:: COLLECTED DATA ::
=======

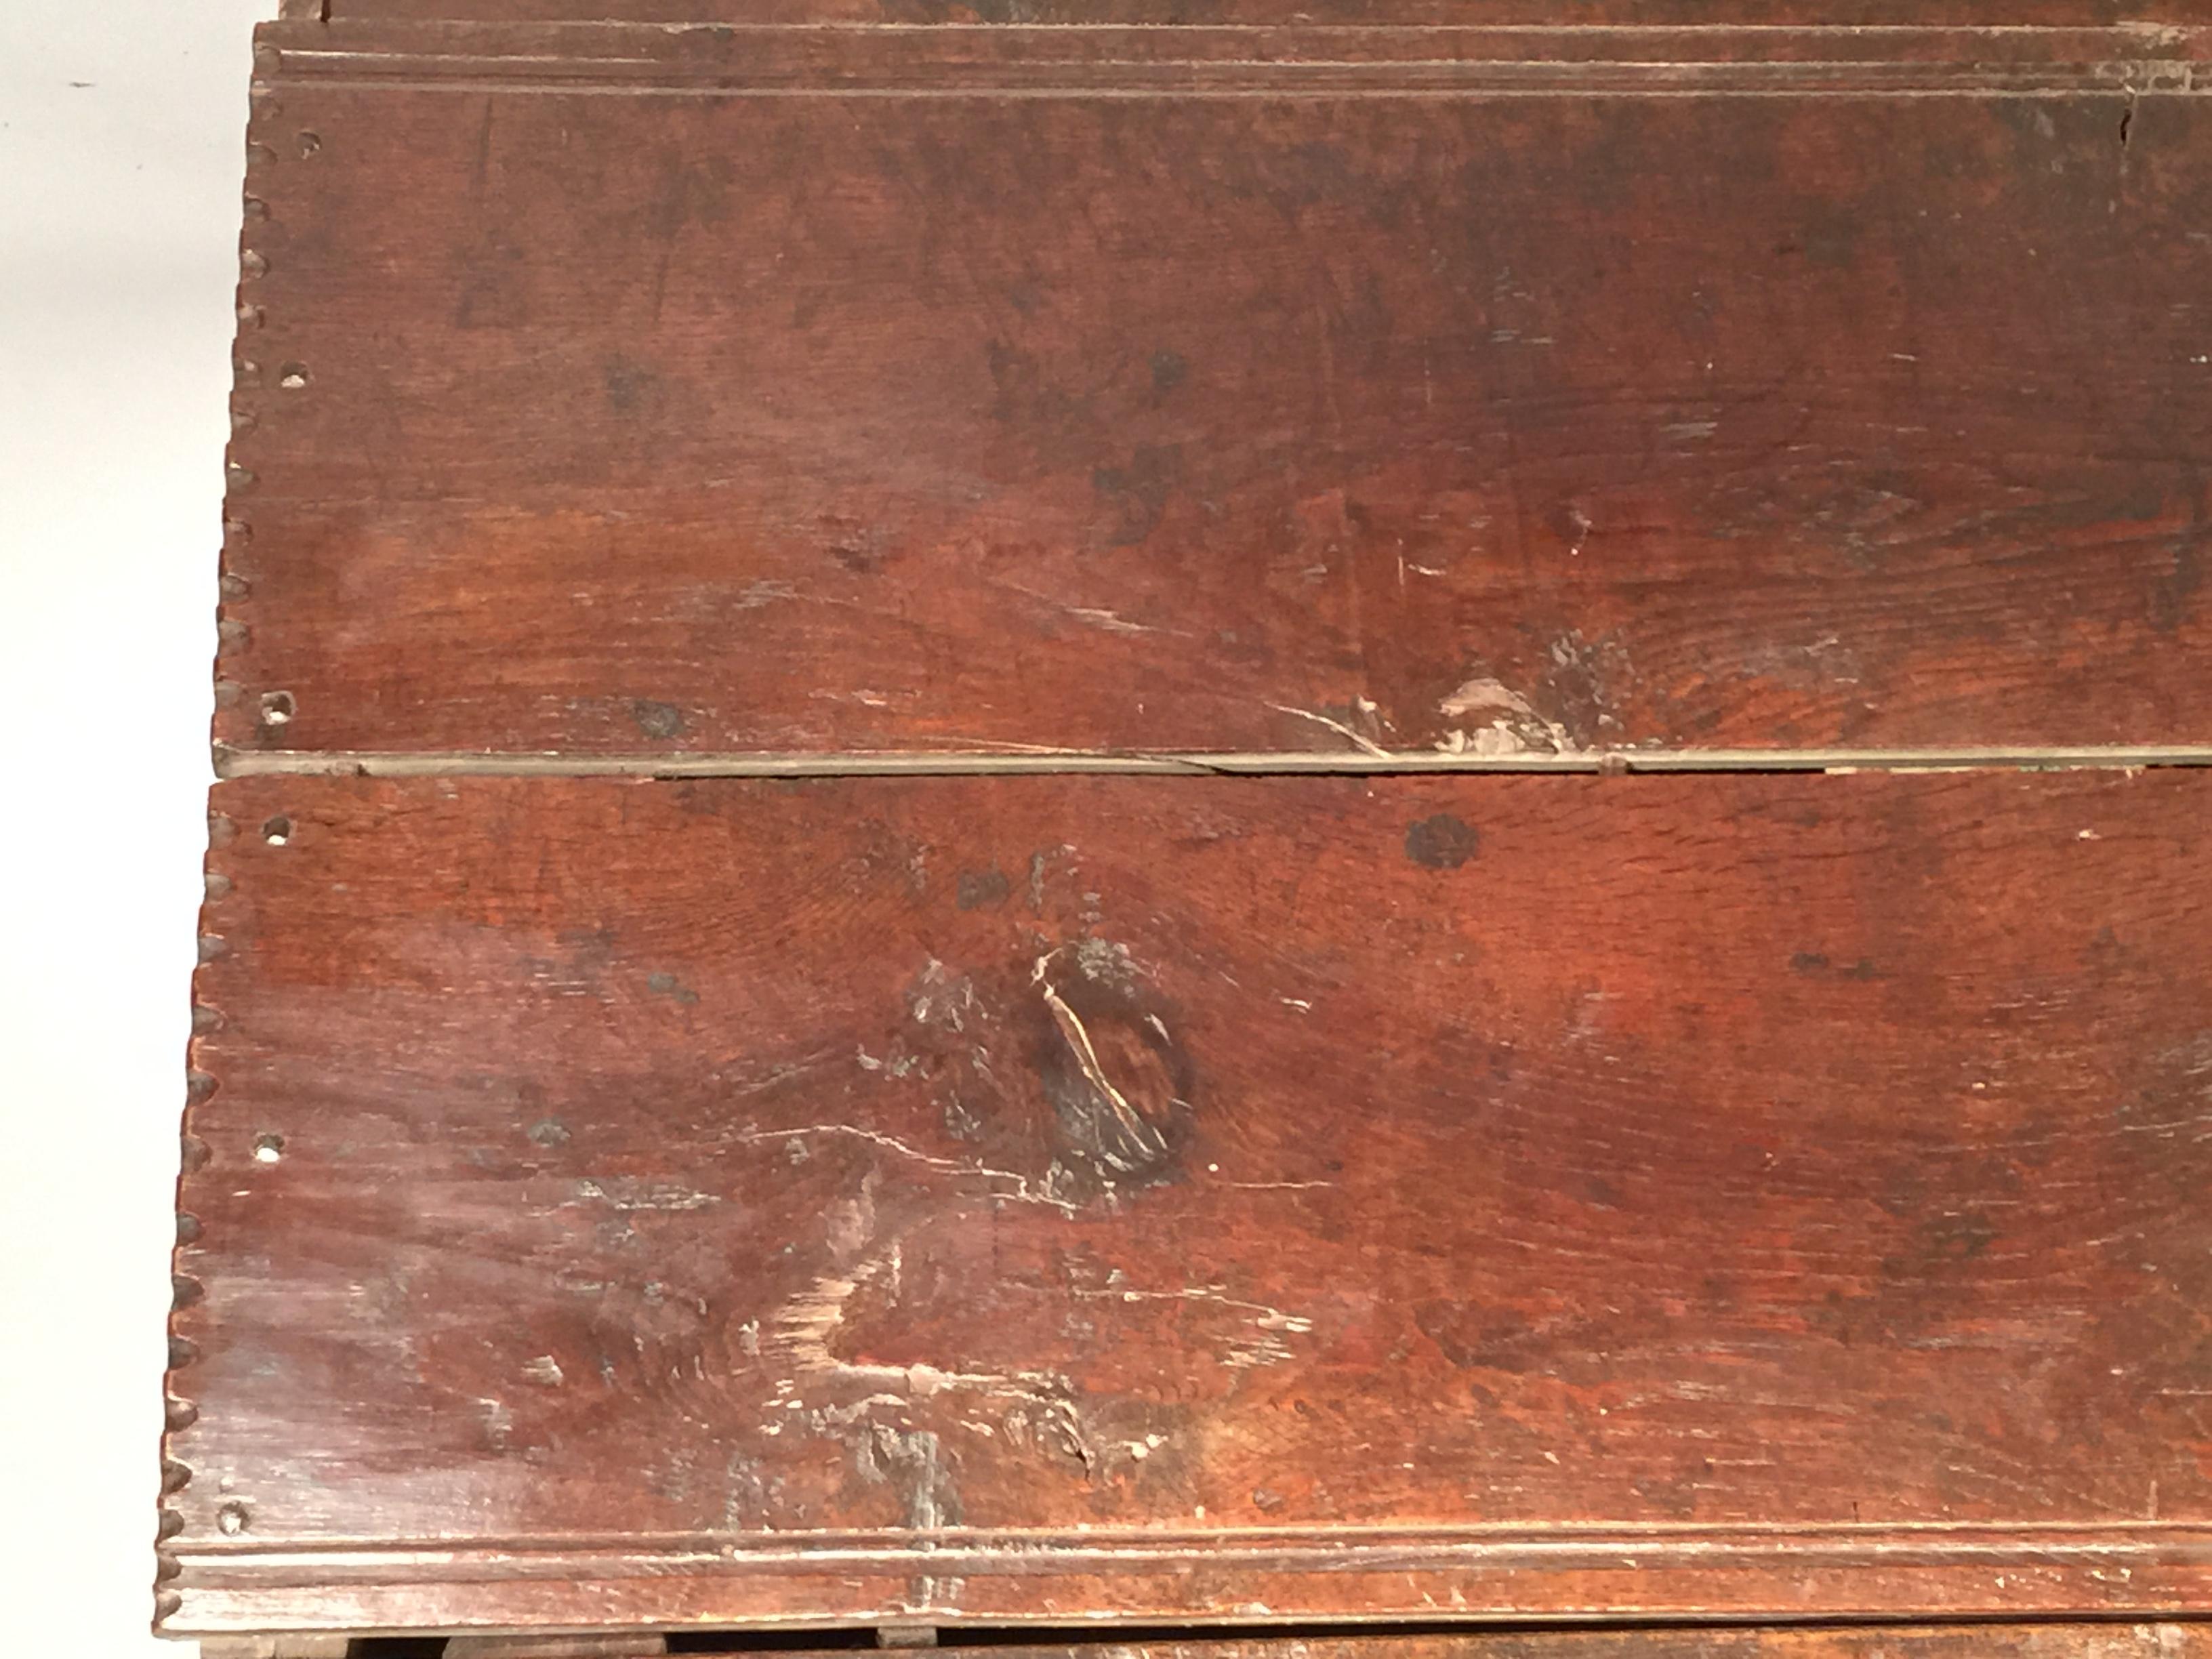 Large oak armourer’s, sword chest or coffer, circa 1600. Excellent old patina and superb colour and in very good overall state for an item some 400+ years old.
A rare and unusually large English iron bound oak boarded armourer’s chest or coffer of
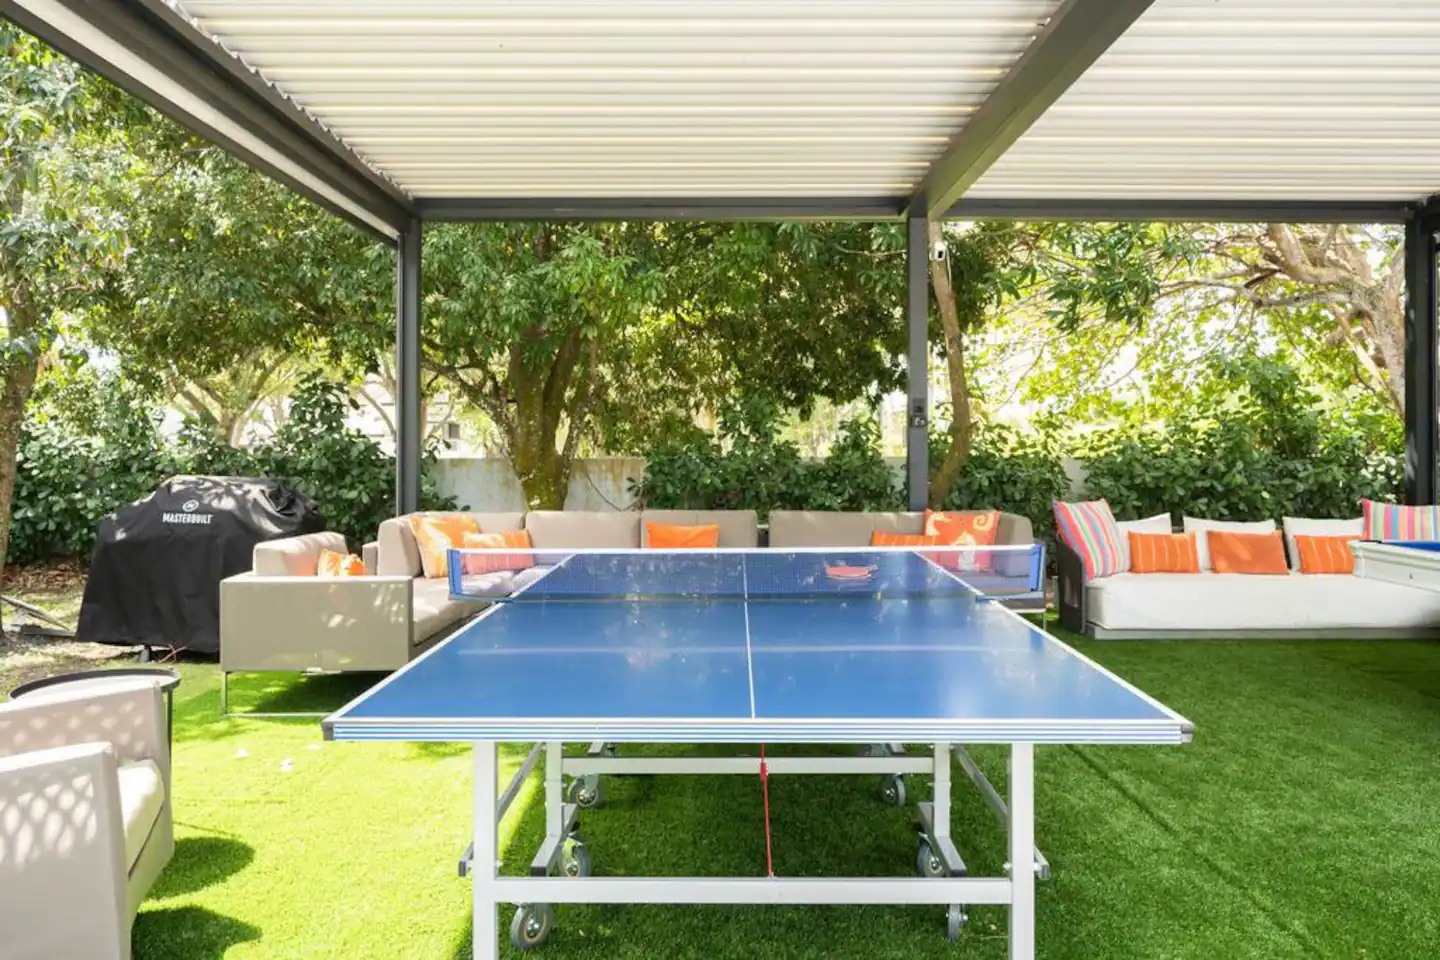 Enjoy a game of pool or table tennis under the shady patio

=======

All the lines above should be reproduced exactly, and none of the pictures.

:: WRITTEN SOLUTION ::
 Large oak armourer’s, sword chest or coffer, circa 1600. Excellent old patina and superb colour and in very good overall state for an item some 400+ years old.
A rare and unusually large English iron bound oak boarded armourer’s chest or coffer of
 Enjoy a game of pool or table tennis under the shady patio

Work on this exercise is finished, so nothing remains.